An Interview with Buddy Broome

By Christina Suter on Jul 27, 2019 at 10:37 AM in Real Estate Issues
An Interview with Buddy Broome

Buddy Broome is a practicing California attorney who learned and succeeded through failure in real estate. He faced the pain of failing and redeemed himself and his property became the first step on a journey that included books, seminars, and mentors. Broome instills the knowledge of financial principles of investing and the knowledge of the financial calculator. Buddy offers classes that show others, in a non-intimidating and easy to understand way, how to apply his principles to their investing and in their every day lives. Buddy still purchases and manages properties and specializes in difficult to manage properties. 

I asked Buddy to expound on using real estate and investing to break through to financial freedom. "Everyone is looking to have cash flow and that means looking at one's monthly expenses today and 5-10 years from now. Cash flow comes from owning an asset that produces cash flow like a note or a rental property. If your monthly net is $20,000 how big does your monthly net have to be to have that amount of cash flow and what value can you make that net worth work at? Once you figure out your needed net worth number and how much assets you have, you realize you have to get some sort of return that's in the 15%-20% realm and to do that in a typical investment is hard." He says what he's found to be the secret is to figure out leverage because that's how he's been able to build wealth in real estate. The goal for everyone, he says, is to maximize leverage and minimize risk.

Buddy's 5 questions to ask when looking at an investment:
1. How much money is coming out of my pocket?
2. When is that money coming out of my pocket?
3. How much money is coming back to me?
4. When is the money coming back to me?
5. What happens when things don't go as expected; how bad will it hurt?

I told Buddy that he's the only person I've encountered who has people calculate their earning goal-- where they write down where they're starting and where they want to go and what it'll take (how much in capital, assets, or equity) for them to get there. People know they want to be rich when they're new to real estate but they don't know how rich, how fast they can get there, or what to use. Concretizing the fantasy and coming up with a plan is how people achieve the riches they desire. 

How do I get leverage is a question Buddy says people often ask him. He walks those people through techniques or tools such as seller financing, lease options, or another of others that allows them to avoid going to a bank. 

"Investing should be boring." -Buddy Broome

People who spend 20+ years buying a house and then renting it out when they buy their next house, that's boring and that's exactly how it should be-- excitement is for skydivers. Excitement goes up and down and is reserved for other areas of life; money should be lockstep and boring. 

I wanted to know why, as a practicing lawyer, what enlivened Buddy to want to be financially free. He said it started when he was young, his dad, who was also a lawyer, exposed him to the idea that owning real estate was a good idea. His dad knew someone who was selling a building and proposed he pay the seller monthly until he paid him off and the seller agreed. Buddy's wife came across the book, Rich Dad Poor Dad, when he was starting law school and suggested he read it. He initially rejected her suggestion but one day he picked it up, read it, and immediately told himself he had to figure out how to get into real estate. "Once you see that there's a chance--oh I can have a little bit of control of my financial life it's very cool." He says one of the things that interested him from Rich Dad Poor Dad is having that freedom of knowing he didn't have to spend 10 hours away from home a day and a wife and kids he barely knew. 

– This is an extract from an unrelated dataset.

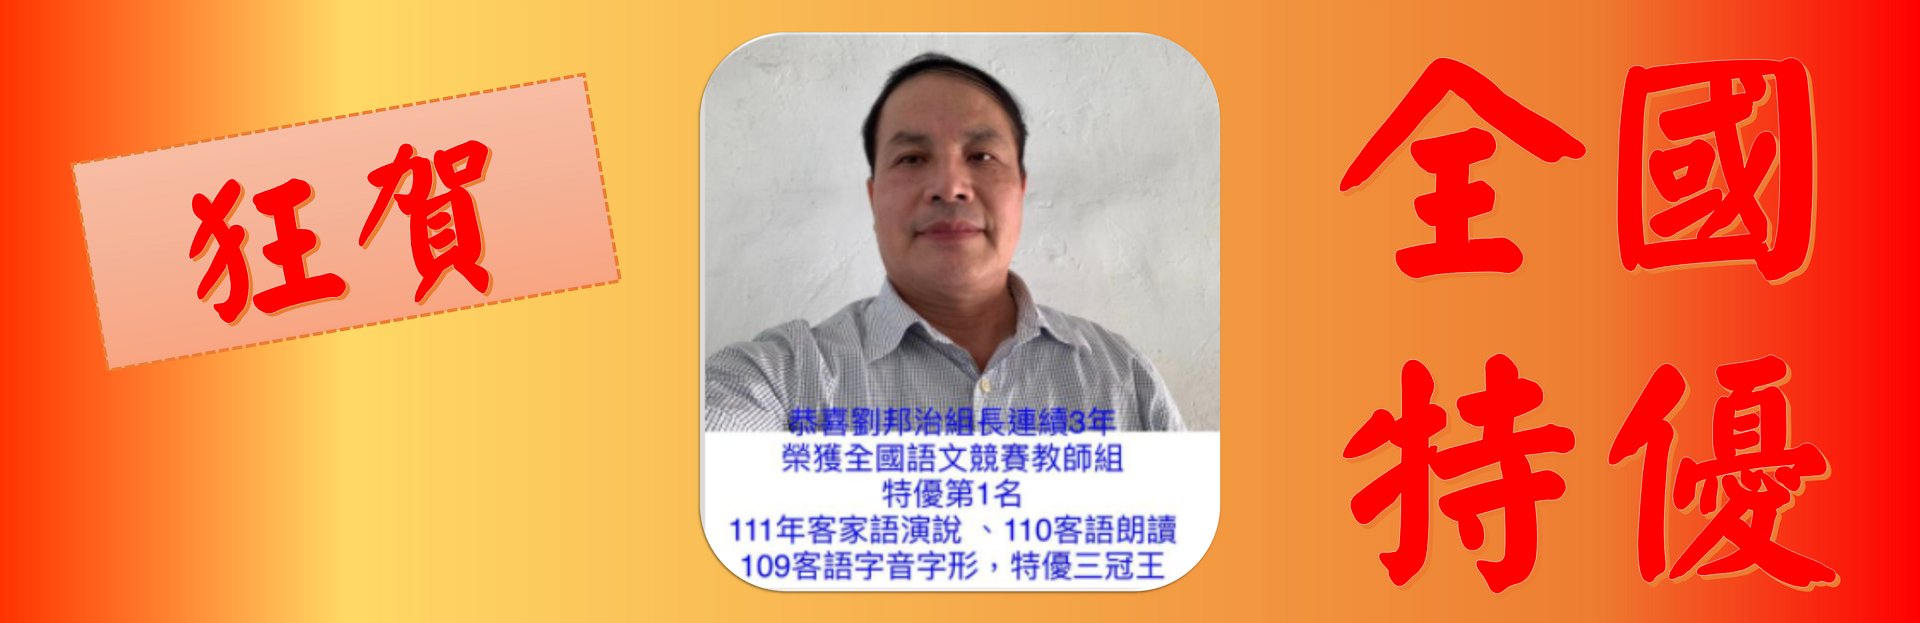 劉邦治組長連續3年（111、110、109年)代表 臺中市參加全國語文競賽榮獲 教師組 特優第1名
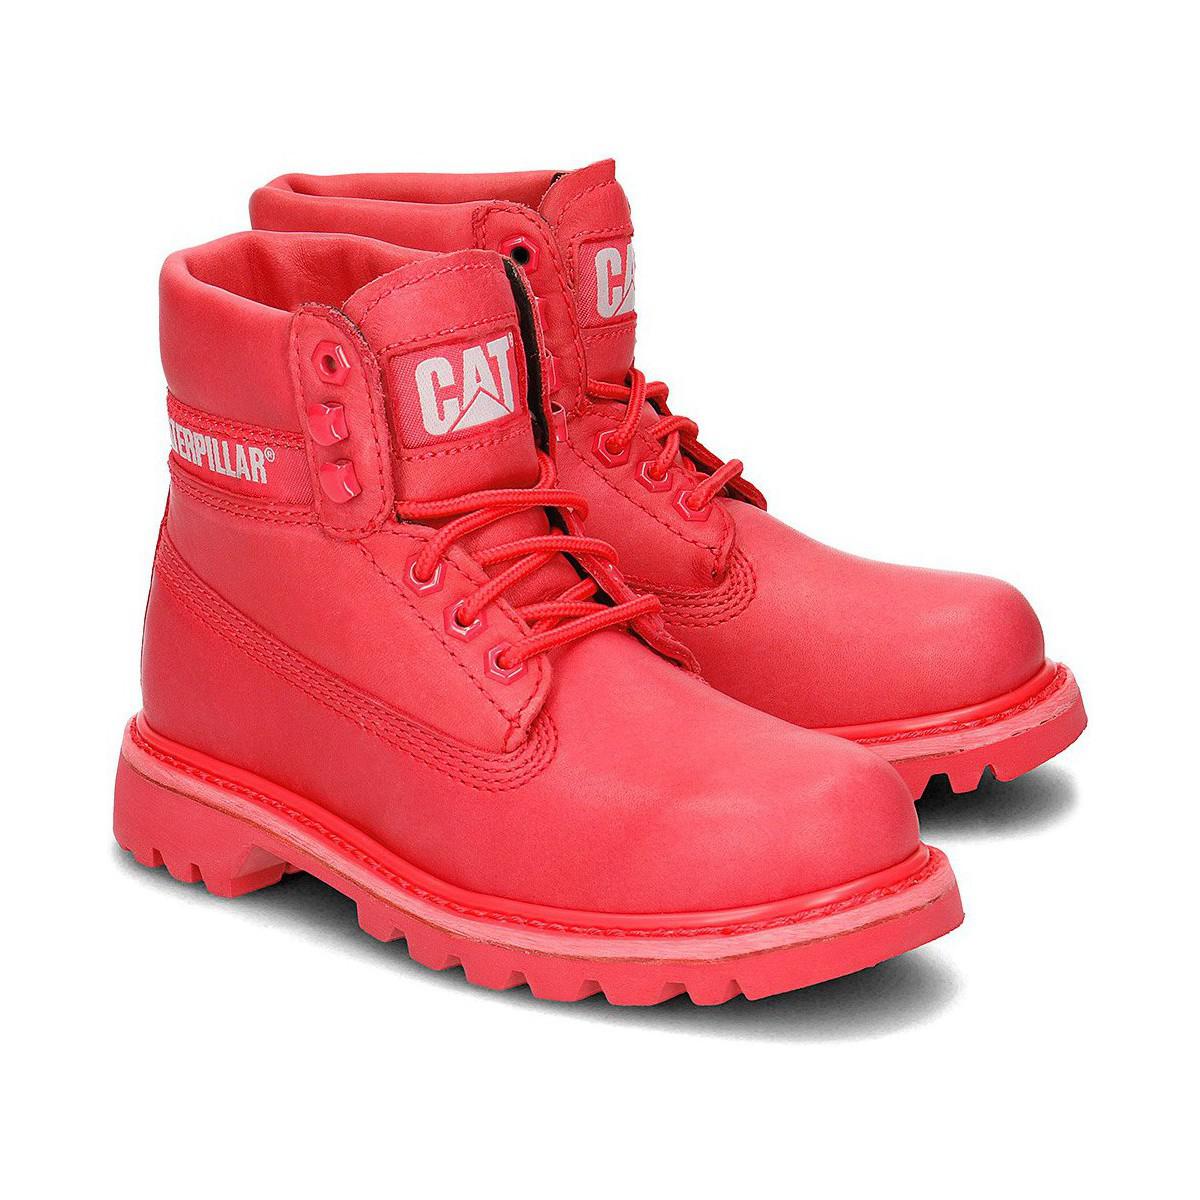 red caterpillar boots

"There's a sense of security in knowing what you're making. If you have your own garden in your backyard and you're planting your own plants and you know what they are and where they come from, it keeps you healthier for longer. The flip side of that is people saying, I have this money from my job, I'm going to give it to this person who wears a suit who gives it to another person and another person who in return gives you a sausage and then you eat that sausage long enough, you don't know what it contains, and you get sick. That's what happened in 2008 when people had all these securities and no one knew what was in them and when the sausage went bad they were sick with no money left. There's greater peace of mind in having control of your finances."

Buddy will be speaking at my upcoming FIBI Pasadena meeting on the topic of How to Beat High-Tech by Being Low-Tech. He explained that there are a lot of platforms that have access to tons of sellers and are in the home-buying business. These are mega-tech giants competing against people who want to flip or buy rental properties. His topic will discuss tools you can use to get around platforms like Zillow's Instant Offer it's going to be hard to offer a better price than them; their margins are smaller and they can close quickly. Seller financing is a low-tech tool that high-tech tools like Zillow instant offer can't compete against because it requires a personal touch.